Luca Nivarra insegna diritto civile nell’Università di Palermo, dove ricopre vari incarichi (Consigliere d’Amministrazione, Direttore di Dipartimento, Coordinatore di Dottorato di Ricerca). Dal 2008 è Presidente dell’Accademia delle Belle Arti di Palermo. La sua attività di studioso si è sviluppata in una pluralità di direzioni, concentrandosi prevalentemente su temi diritto dell’economia (antitrust, proprietà intellettuale, beni comuni), di teoria generale del diritto e di storia della cultura giuridica. Dal 2006 al 2008 ho fatto parte, insieme con Ugo Mattei ed Alberto Lucarelli, della Commissione “Rodotà” per la riforma della disciplina codicistica dei beni pubblici: all’esito dei suoi lavori, la Commissione ha predisposto un disegno di legge delega nel quale, per la prima volta, figura la categoria giuridica dei beni comuni. Insieme con Rodotà, Mattei, Lucarelli, Azzariti e Ferrara, ho provveduto all’elaborazione dei quesiti poi oggetto del referendum del 12 e 13 giugno in materia di servizi pubblici locali.
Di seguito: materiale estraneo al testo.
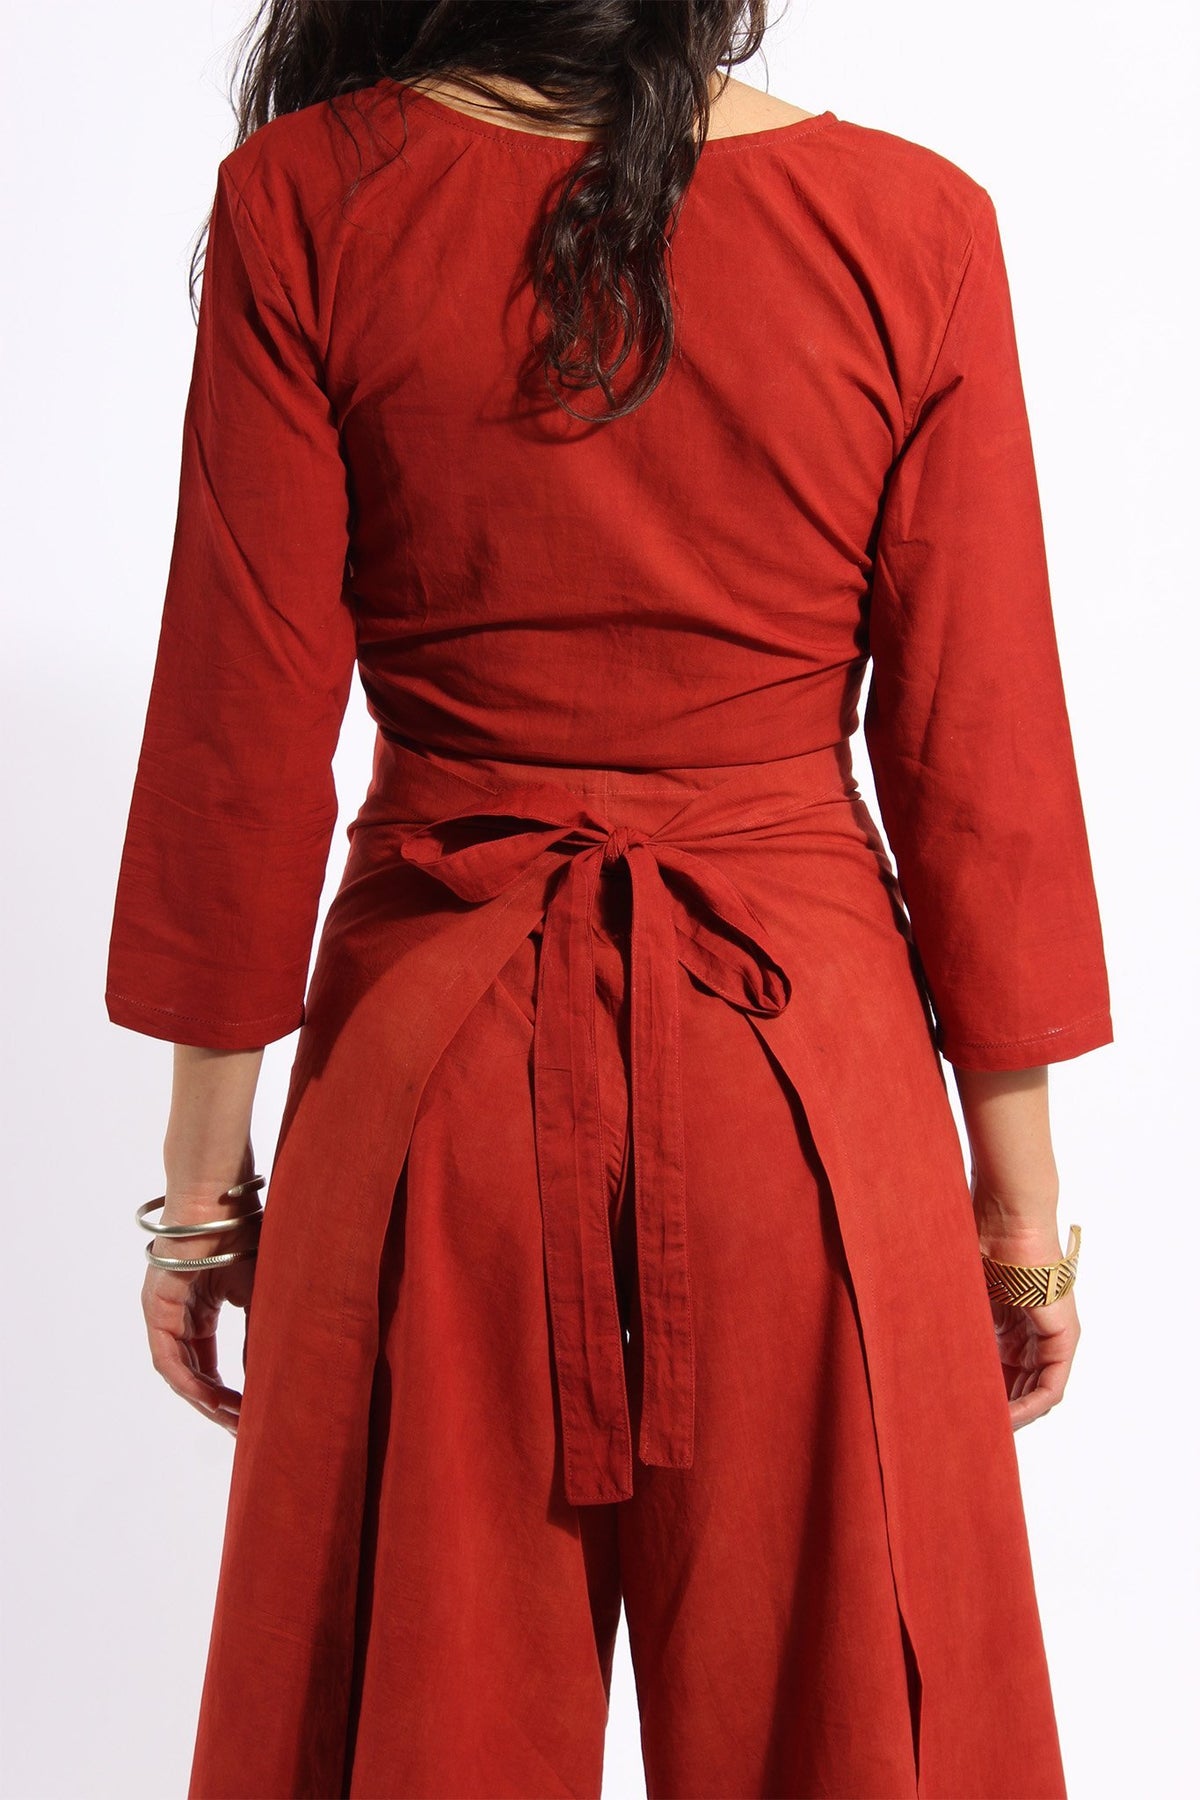 Saraswati Deep Red - Pantalon - Azaadi, la mode responsable accessible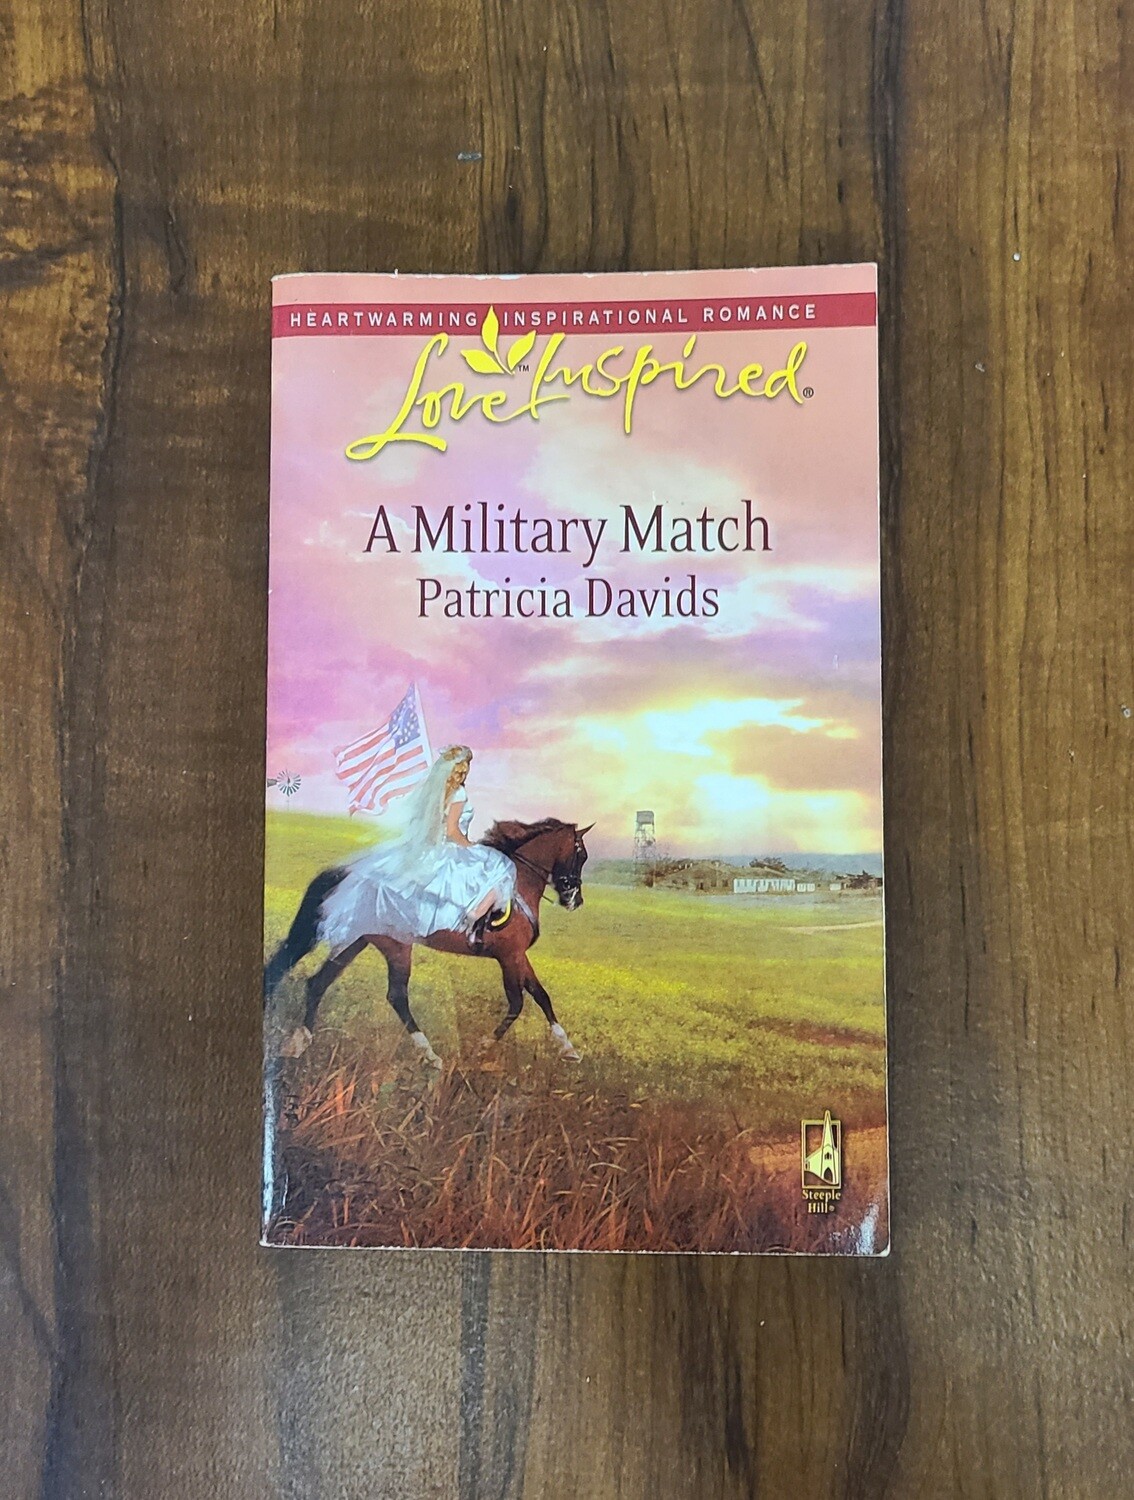 A Military Match by Patricia Davids

Cos’è la Commissione Rodotà?

Si tratta di una Commissione ministeriale per la Riforma di parti del Libro III “Della Proprietà” del Codice Civile presieduta da Stefano Rodotà e composta da giuristi ed economisti di diverso orientamento politico che ha lavorato tra giugno 2007 e febbraio 2008. L’obiettivo era introdurre una disciplina dei beni che sostituisse un quadro normativo inadeguato e obsoleto, incapace di governare in modo efficace processi di dismissione che a partire dal 1991 e con il fine dichiarato di ridurre il debito pubblico hanno prodotto una vera e proprie svendita del patrimonio pubblico italiano.
I lavori si sono conclusi con la presentazione di un Disegno di Legge Delega che proponeva un superamento delle categorie del demanio e del patrimonio, per introdurre una nuova classificazione concentrata sulle utilità che i beni sono in grado di produrre.

Quale proposta ha elaborato?

La Commissione Rodotà ha proposto la prima definizione giuridica dei beni comuni, distinguendoli tanto da quelli privati quanto da quelli pubblici.
- I beni comuni esprimono ‘‘utilità funzionali all’esercizio dei diritti fondamentali nonché al libero sviluppo della persona” e possono appartenere a persone pubbliche o private; la disciplina prevista dalla Commissione tiene conto delle generazioni future e della necessità di garantire, indipendentemente dalla titolarità, una fruizione collettiva dei beni comuni ‘‘nei limiti e secondo le modalità fissate dalla legge”. Quando la proprietà dei beni è pubblica, essi sono posti extra commercium e possono formare oggetto di concessione solo nei casi previsti dalla legge e comunque per una durata limitata e improrogabile. Alla pubblica amministrazione è riconosciuta la tutela risarcitoria, mentre ciascun individuo ha accesso a quella inibitoria, in nome del diritto alla salvaguardia e fruizione di questi beni. Sono beni comuni, tra gli altri: i fiumi, i torrenti e le loro sorgenti; i laghi e le altre acque; l’aria; le foreste, i lidi e i tratti di costa dichiarati riserva ambientale; la fauna selvatica e la flora tutelata; i beni archeologici, culturali, ambientali e le altre zone paesaggistiche tutelate;

Cosa è successo ai lavori della Commissione?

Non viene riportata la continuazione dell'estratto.